Upwing Snowshoe Emerger

Discussion in 'Patterns' started by Hans Weilenmann, Feb 15, 2013.

  1. [​IMG]

    Upwing Snowshoe Emerger
    Hook: Grip 14723BL #14
    Thread: Benecchi 12/0, tobacco
    Shuck: Hen pheasant wing barbs
    Abdomen:Goose biot, dyed tan
    Thorax cover/wing: Snowshoe, cream
    Thorax: Peacock herl

    Cheers,
    Hans W
     
  2. I really like the biot bodies. I wish I could find goose with longer biots.... maybe I'm using a dry fly hook with too long of a shank -- I don't know anyone who sells Grip hooks in the US.
     
  3. Tiemco 206BL is almost identical hook
     
  4. Okay, I'll track some down. Thanks!
     
  5. absolutely beautiful!
    Bury me with one of those piercing my lapel.
     
    Ron McNeal likes this.
  6. I think I'm finally getting the hang of using goose biots. I finally figured out that the biot can not overlap the previous wrap but must be tied exactly next to the previous wrap or you lose the segmentation effect. Hard to believe but I do learn techniques from Hans' clips :D

    IMG_1644.jpg

    This odd tan color works well in some Willamette Valley lakes during midge (buzzer to Hans) hatches.
    I'm not really a fan of skinny midge emergers. The actual critter does not have a thin body but more that of a worm... so, I don't tie anorexic midge emergers.
     
    Ron McNeal and Derek Young like this.
  7. Looks great, Gene. Way to go.

    Cheers,
    Hans W
     
  8. Beautiful flies guys. Gene, do you ever use turkey biots? I prefer the segmentation you get with goose, but turkey does tend to be longer.

    Regards,
    Scott
     
  9. Scott, I've never tried turkey but now that Hans has shown the cool use of the biots for segmented bodies, I'll give it a try. I do strip peacock herl and use the stem for wrapping bodies but they don't look as cool as the goose. Plus, you can buy goose in a wide variety of colors.
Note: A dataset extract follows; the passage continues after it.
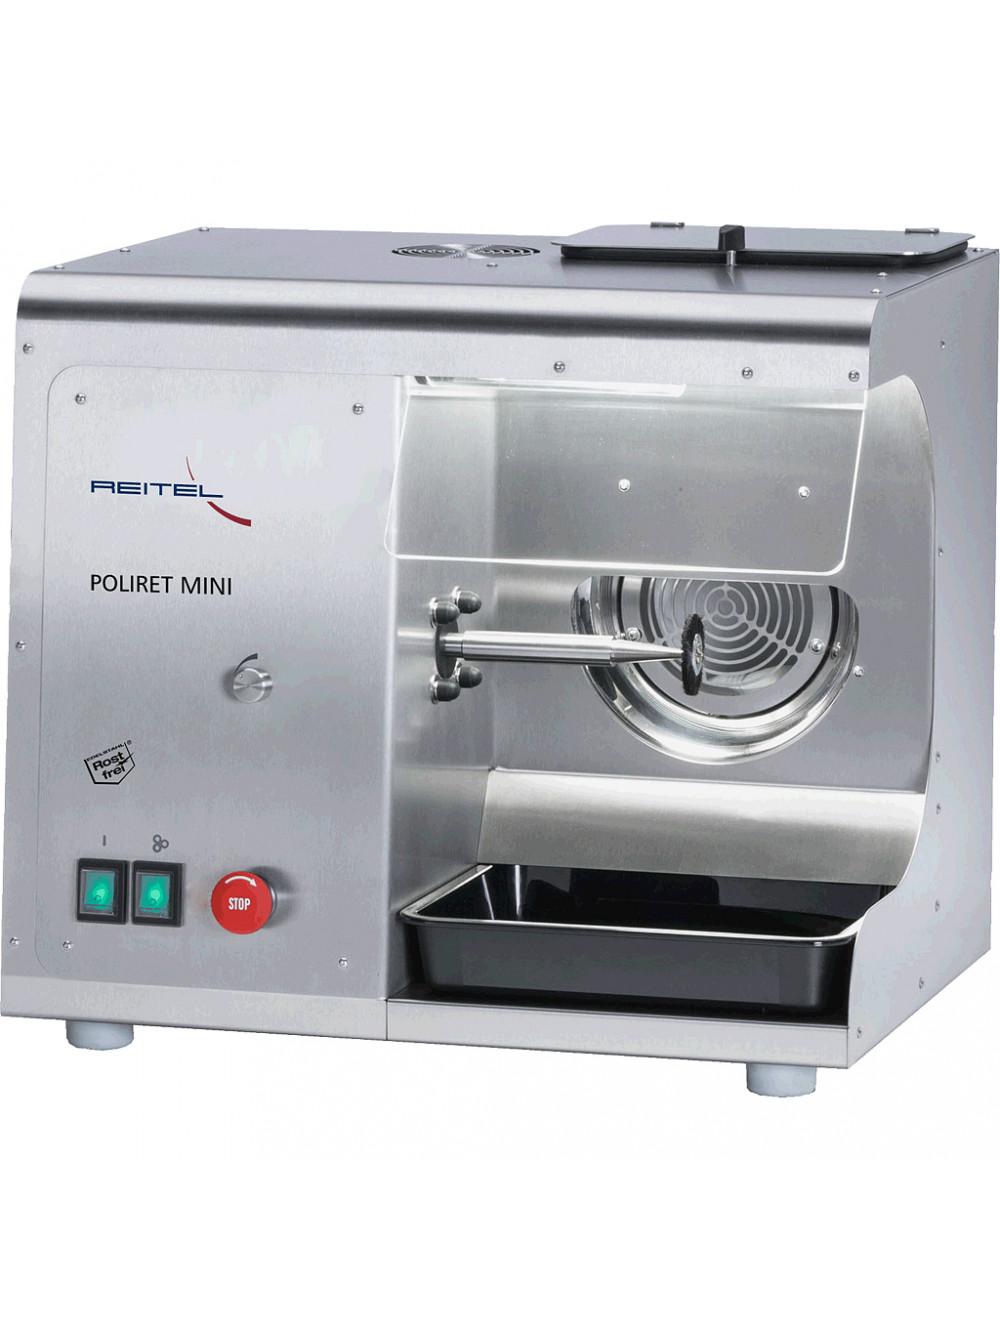 Das Produkt Reitel POLIRET MINI Poliergerät 11100000 aus dem Global-dent online shop.

    The goose biots are only good to create a body up to a size 14 with a 2 X long shank, max!

    However, for smaller size patterns, as the one shown above, the biots are certainly long enough.

    I've also tied some of the midge emergers in the same style in black, red and olive colors. I like the looks.

    I get a lot of tying tips via your and Hans' SBS.... plus tips from the other guys here.

    This is an excellent site for flyfishing and fly tying information.
     
    Tacoma Red and auhunter like this.
  10. Gene,

    In addition to the length, I think you'll like the color selection you get with turkey.

    Regards,
    Scott
     
  11.  
  12. Gene, biots don't always provide a segmented look. It depends on how they are oriented when tied on the hook. See this article...
    http://www.flyanglersonline.com/flytying/tyingtips/part102.php

    If you want a segmented look, orient the notch forward.
    If you don't want segmentation, orient the notch back.
    The fuzzy rib is there either way but is covered up (or not) as you overlap the wraps.

    A good video of the same thing...
    http://www.intheriffle.com/fishing-videos/fly-tying-tips-tricks/wrapping-goose-biot-bodies/
     
  13. Hans-

    You could post that in the December Fly Salon. Looks like a nice little Baetis Emerger for slower water to me.

    Nice tie,

    James
     
    Derek Young likes this.
  14. Really nice pattern. I might have to 'try' to reproduce it. Thanks for the post!
     
  15. What's the tail? Any chance of getting a top view?

    I'm looking for a tail like that (I think) for a bug I tie, but haven't been able to find the right feather...

    Nice pattern anyway, real nice!
     
  16. Shuck: Hen pheasant wing barbs
     
  17. I sort of thought that's what it was, but I must be "old school" or something... never heard it called that - always called it the tail.

    Then again, I clearly don't tie as often as most of you gentlemen, so I'm sure the confusion is on me :oops: .

    Thanks for the clarification!
     
  18. *chuckle*

    No worries. If a pattern is an emerger, in this case a mayfly emerger, it sheds its nymphal skin. This trailing empty husk is what I am suggesting with the 'tail'.